The Exploration of Carrier Behavior in the Inverted Mixed Perovskite Single-Crystal Solar Cells

Perovskite single crystal (PSC) possesses fewer bulk defects than the polycrystalline film counterpart, which has received extensive attention in a number of optoelectronic device applications. But the management of carrier behavior in an efficient solar cell based on PSC is not reported yet. Here, the carrier behavior within the device based on the ITO/NiOx/(FAPbI(3))(0.85)(MAPbBr(3))(0.15)/TiO2/Ag structure (FA = CH(NH2)(2)(+), MA = CH3NH3+), in which the mixed PSC is successfully implemented into solar cells for the first time, is investigated.
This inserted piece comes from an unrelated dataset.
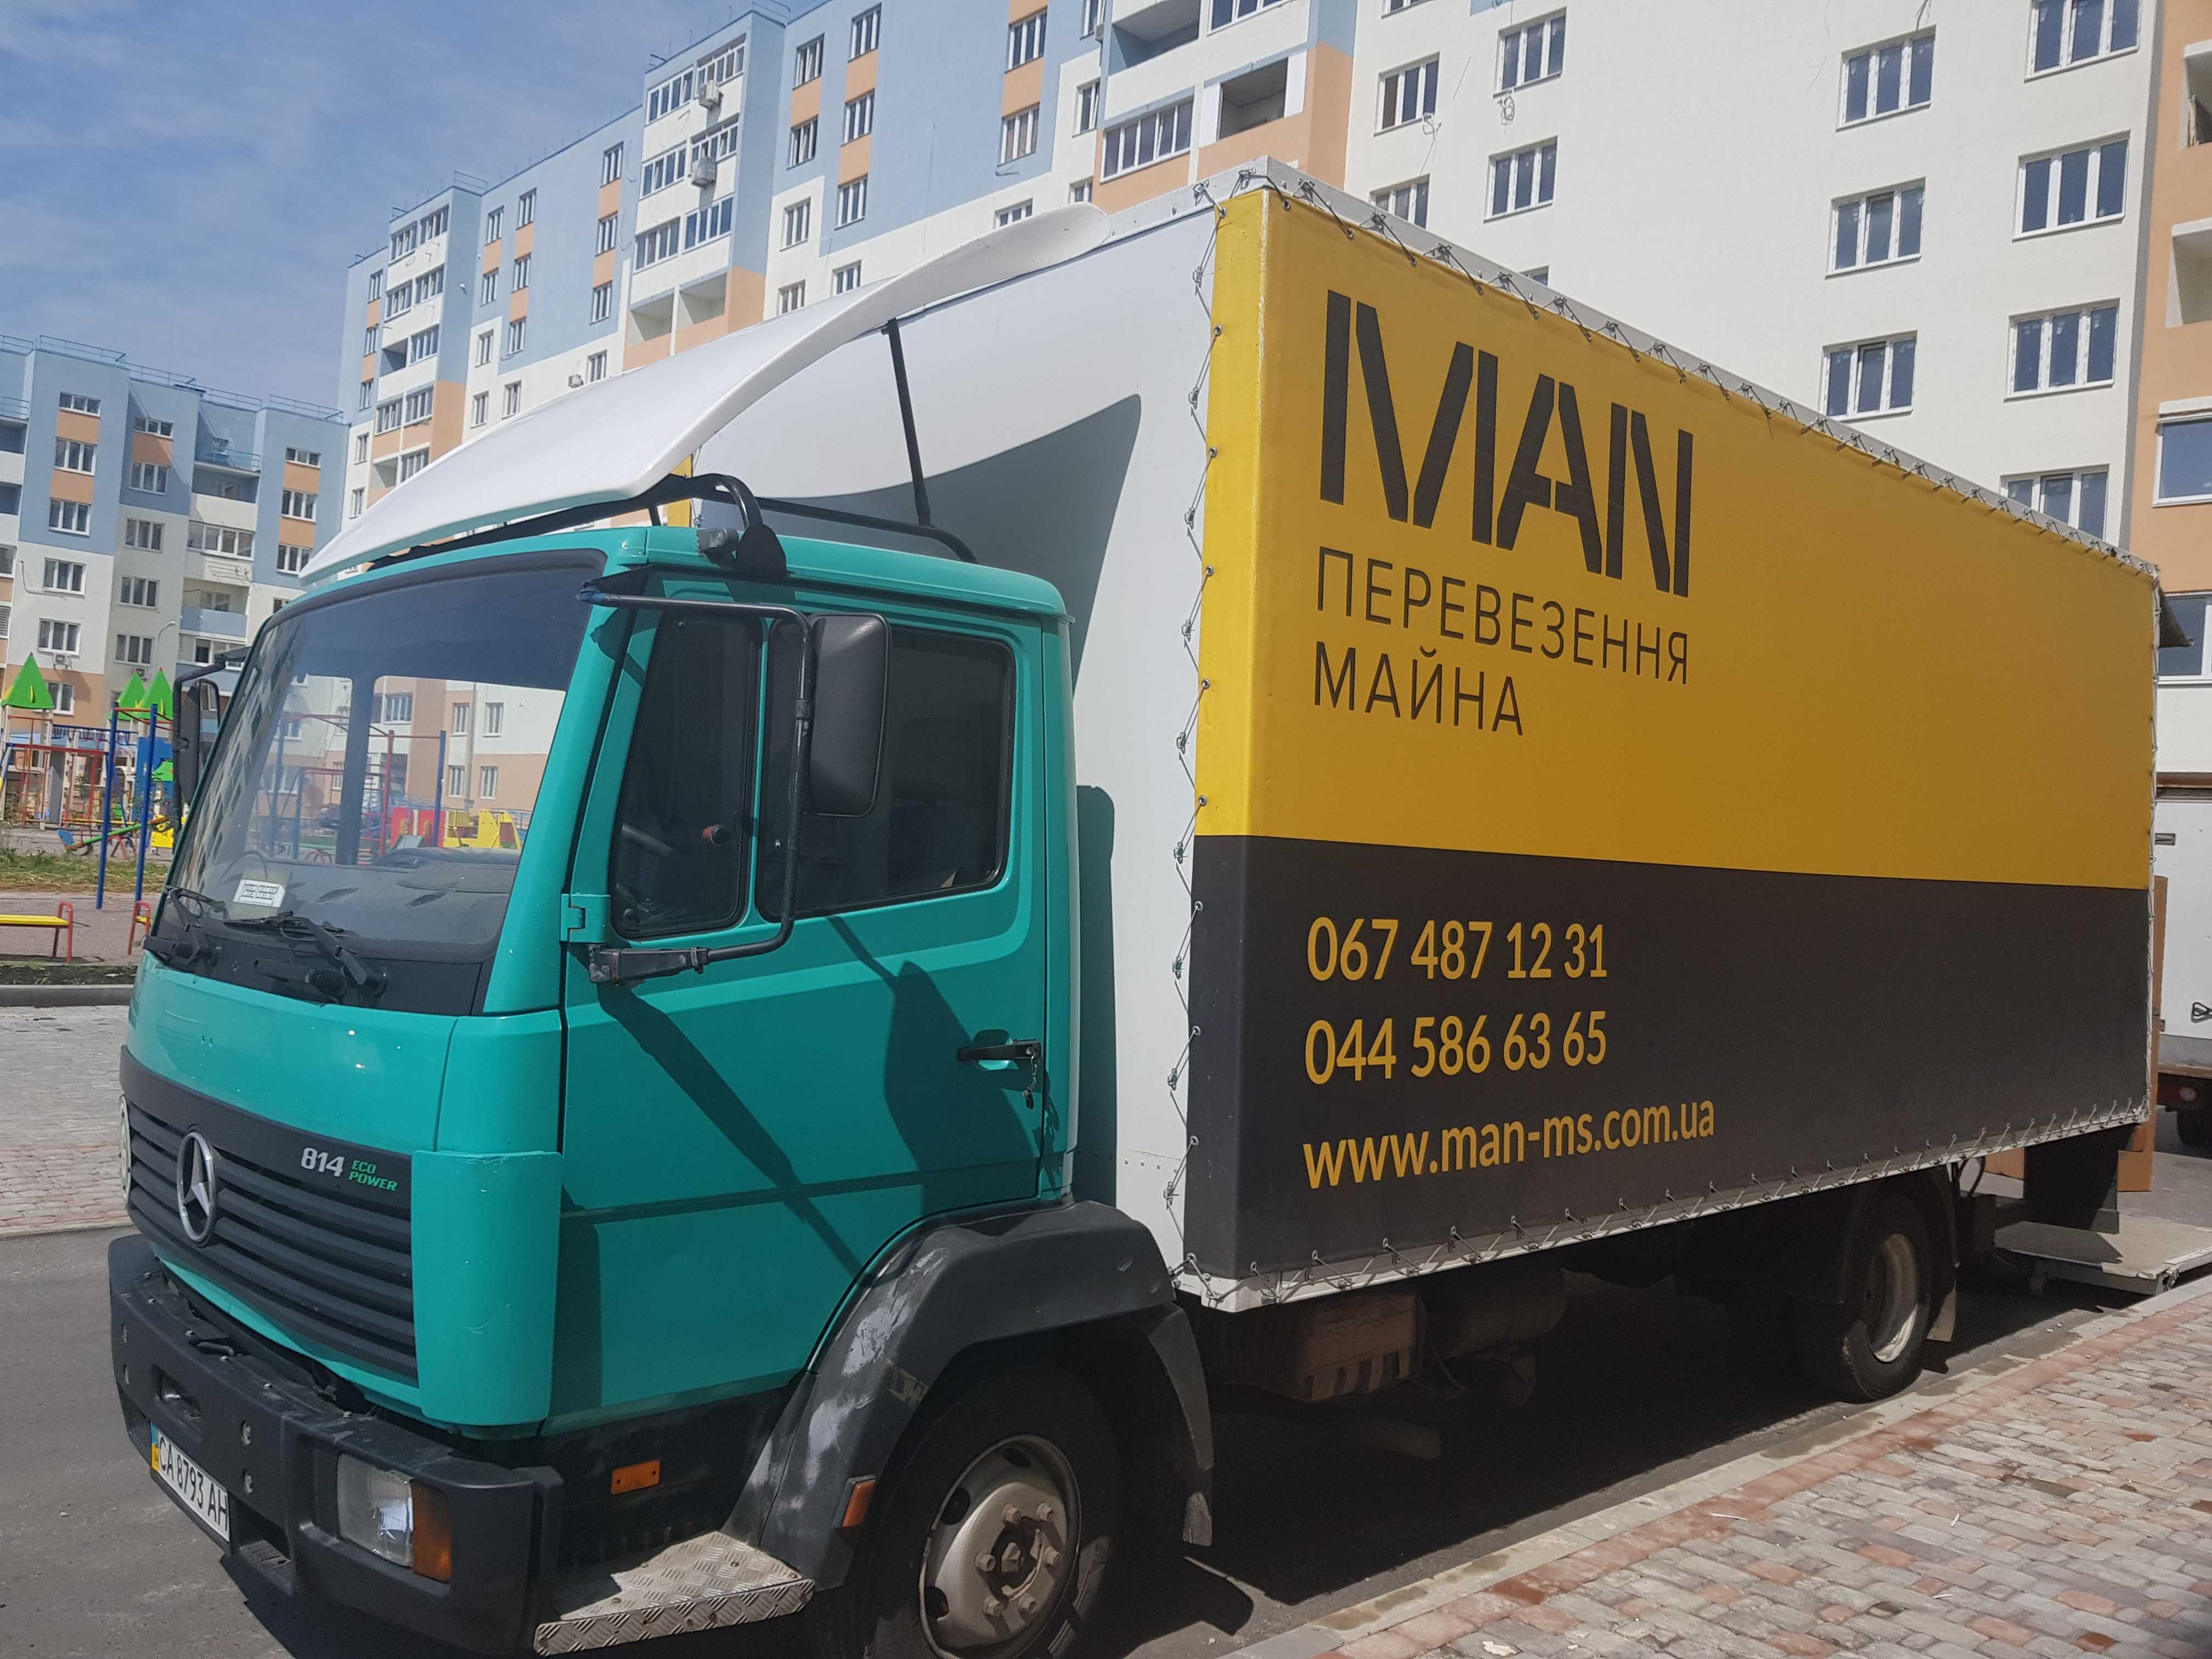 Вантажники, перевезення меблів Київ, та інші міста України

The PSC films with lateral dimension from 500 mu m to 2 mm and thickness over tens of micrometers, are obtained through the polydimethylsiloxane-assisted solvent evaporation method. The highest power conversion efficiency derived from the present device approaches 12.18%. It is revealed that the surface roughness and thickness of PSC, the operation temperature and thickness of transport layers, and the interfaces of transport layers/PSC largely impact the carrier extraction and device performance of the perovskite single-crystal solar cell (PSCSC). This work indicates that the carrier behavior in the absorber layer and transport layer has large impact on the performance of PSCSCs, while the underlying design rule represents an important step to advance the PSCSCs and other optoelectronic devices.